Энергично, неудержимо подходили все ближе: подошли, выжидательно устремили глаза на отца. Он стоял неподвижно на камне, прямой, суровый как камень.
— Все здесь?
— Да, все тут, — ответил первый работник, несмело кашлянув в руку.
— Все вы здесь? — повторил отец. — Не остался ли кто...
Обычай был такой, дважды полагалось спросить, и Бибо уверенно ответил:
— Нет, никто... — и смешался, так как отец спросил:
— А вон там кто же... тогда?
— Где?..
— Вон там...
И показал совсем в другую сторону, в сторону башни указывала рука отца — все посмотрели туда.
— Вон там? — Бибо прищурился. — Камень это.
— Никакой не камень, — нахмурился одноглазый крестьянин. — Человек там.
— Больно маленький, разве что мальчонка, — предположил кто-то.
— Может, карлик...
— А по-моему, медвежонок.
— Нет, горбун.
Молча смотрел отец с камня в сторону башни, хмуро слушая возбужденные возгласы.
— Вор, наверно, крадется.
— Такой маленький...
— Коротыш.
— А ежели мальчонка?
— Не-е, взрослый он! — взволнованно воскликнул хромой работник. — Взрослый, на коленях стоит.
Напряженно всматривались люди.
— Сюда подвигается.
— Не замечаю что-то.
— Вглядись, еще ниже стал.
— Упал, ничком упал!..
...И устремился к Доменико, бежал отец, бежал, и гулкими, глухими ударами отзывалась из глубины размягченная весной, увлажненная росой земля, — казалось, взволнованно стучало сердце окрестных мест, сердце Высокого селения, бежал отец к Доменико, узнанному, жалеемому, и припал к горестно выгнутой спине, прильнул к выпиравшим позвонкам и ребрам, обнимал, ласкал огрубелыми пальцами нежно, ненасытно гладил свалявшиеся волосы, лобызал исхудалые, жалко прозрачные плечи. И приходил в себя Доменико, выплывал из илистых глубин, тяжко, бессильно припав лицом к родной земле, вдыхал ее запах; встрепенулся, приоткрыл глаза, приоткинул чуть голову, обласканную, вскинул полупомеркший взгляд, расплывчатым пятном воспринялось желанное лицо: «Оно... то самое...» — приободрился, напрягая силы, всмотрелся — как волновался! — и различил в пятне лик отца. Привстал на колени, воздел к отцу руки; и замирали, подбежав, крестьяне, молча переводили дух — ждали чего-то.

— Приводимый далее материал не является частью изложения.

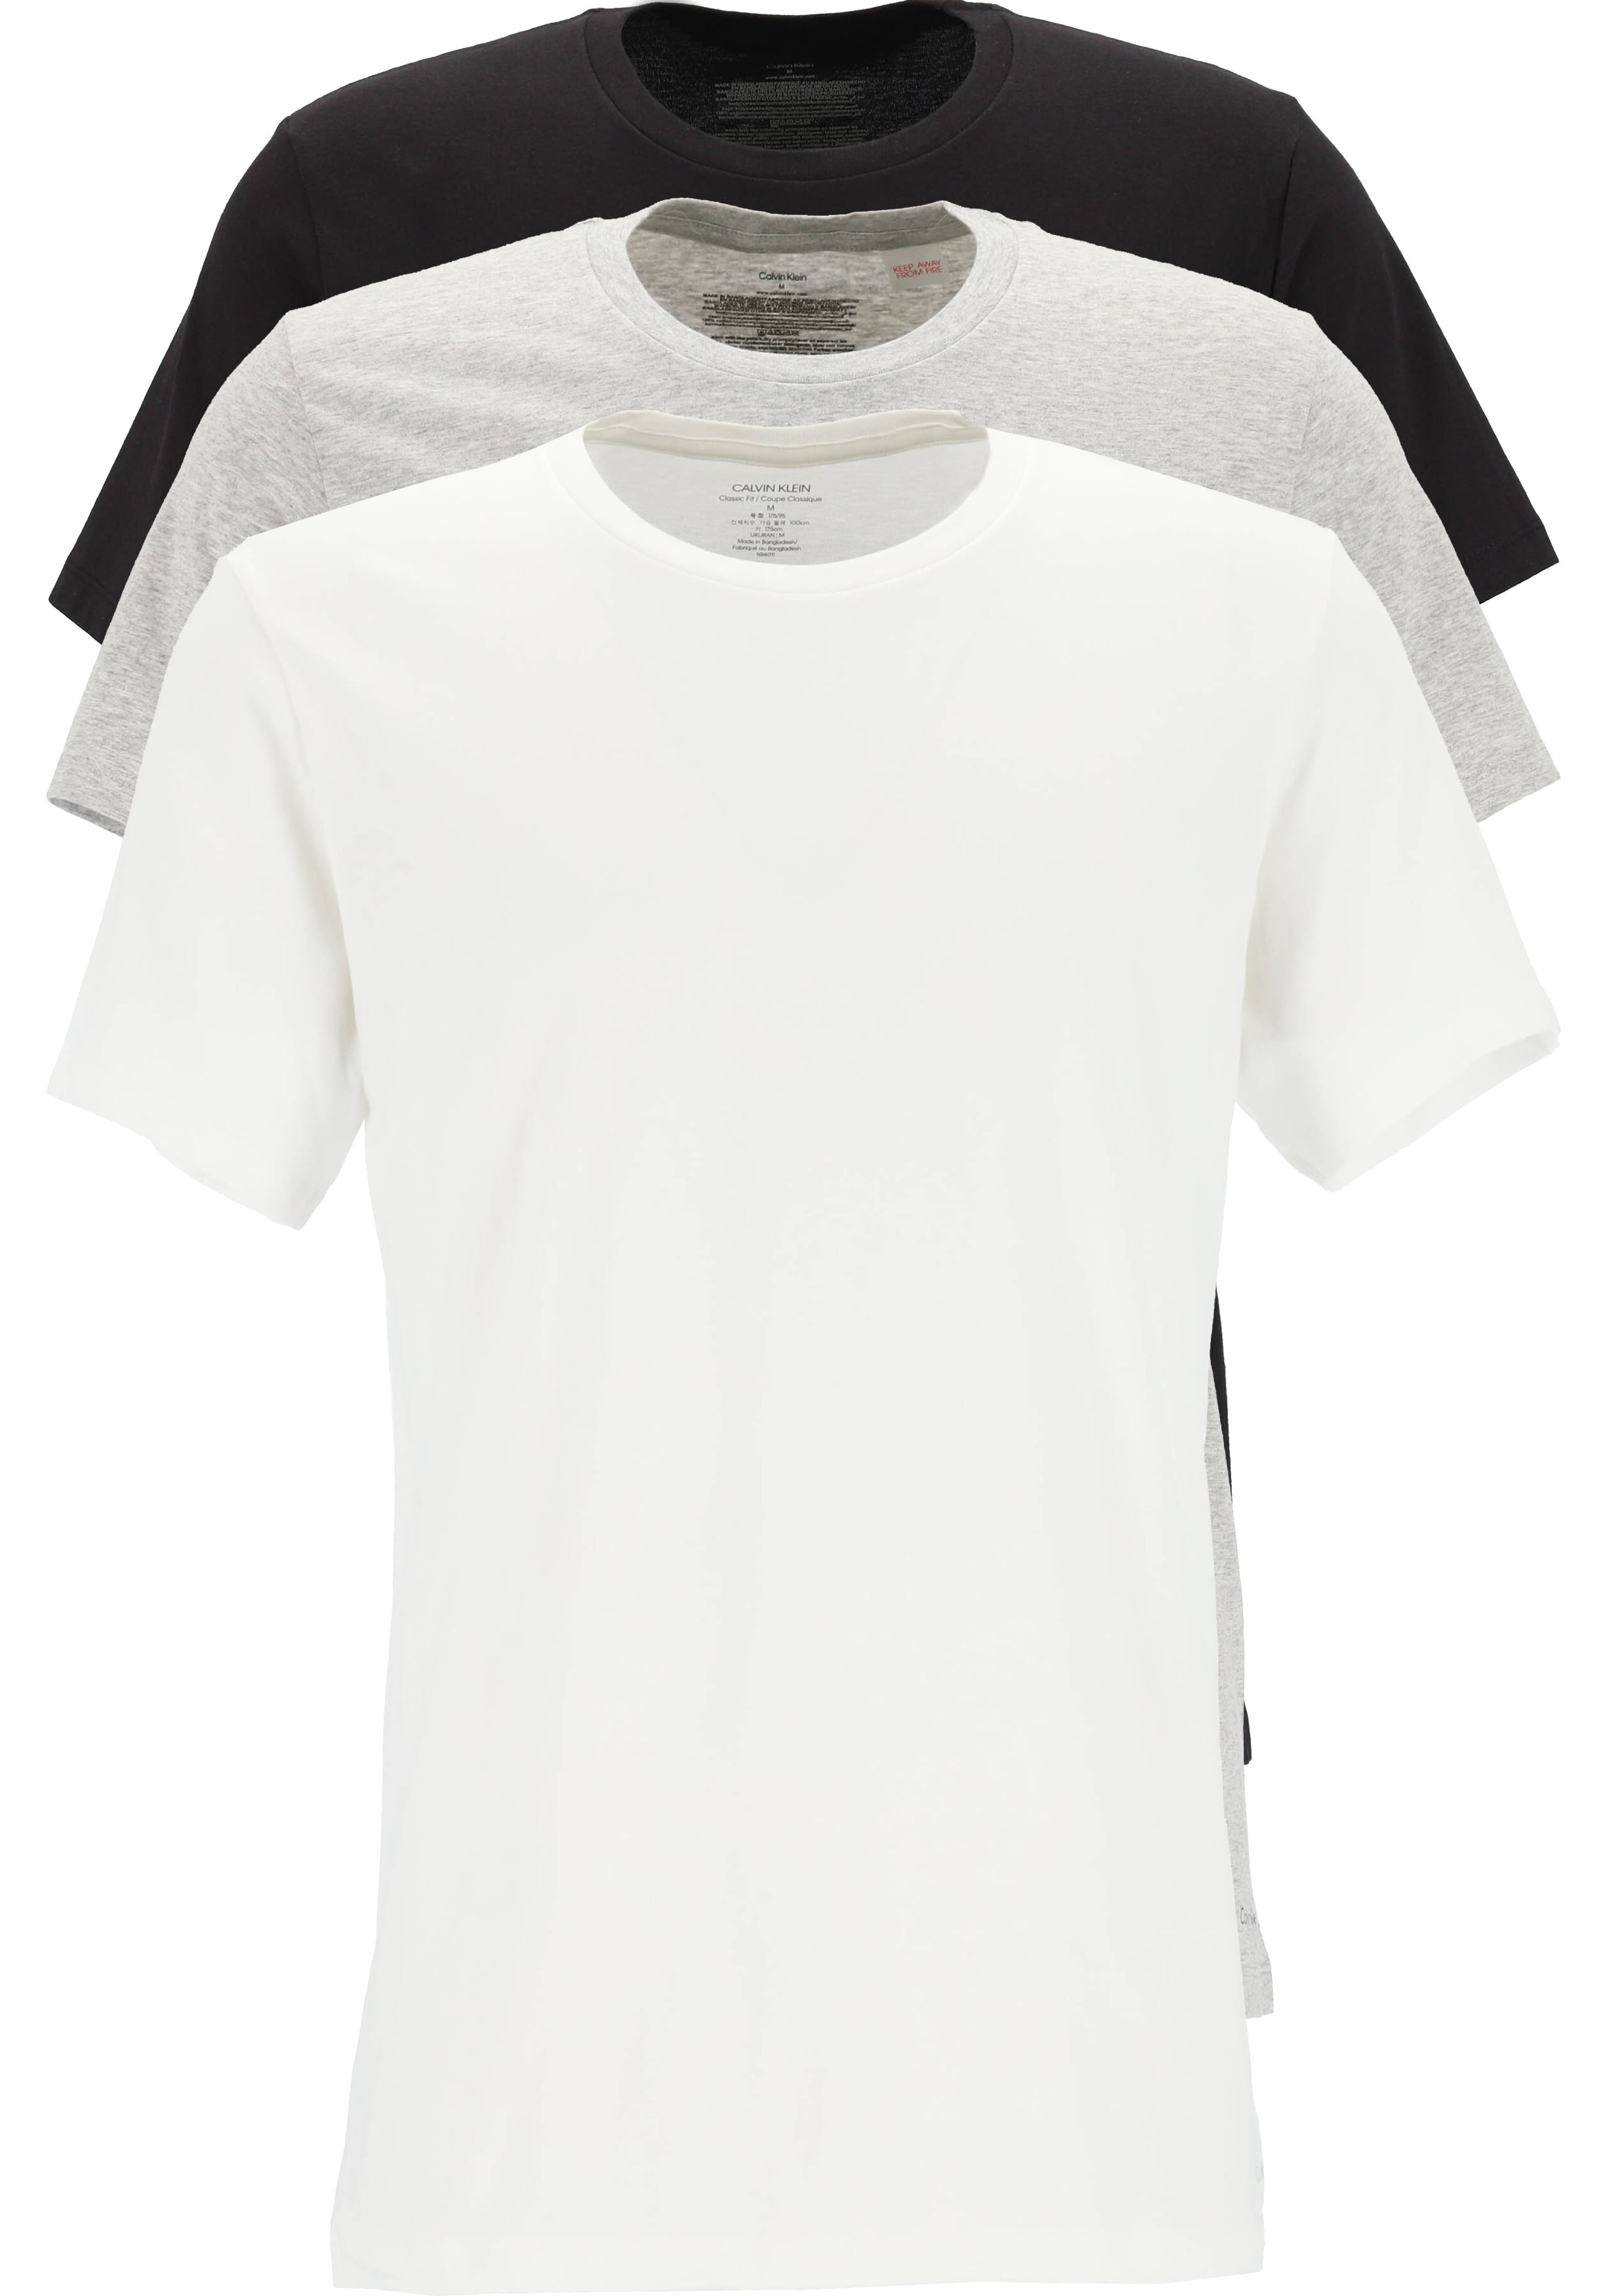 instant werkgelegenheid Grijp Calvin Klein Cotton Classics crew neck T-shirt (3-pack), heren T-shirts...  - SALE tot 50% korting

Не двигался отец, не отводил пристальных глаз от сына, уронившего голову.
— Он промотал твое состояние!.. — раздался вдруг голос, голос Гвегве, а отец выпрямился, с усилием оторвался от Доменико, обернулся сурово, указал рукой на башню:
— Принесите и наденьте на него Сокровенное Одеяние.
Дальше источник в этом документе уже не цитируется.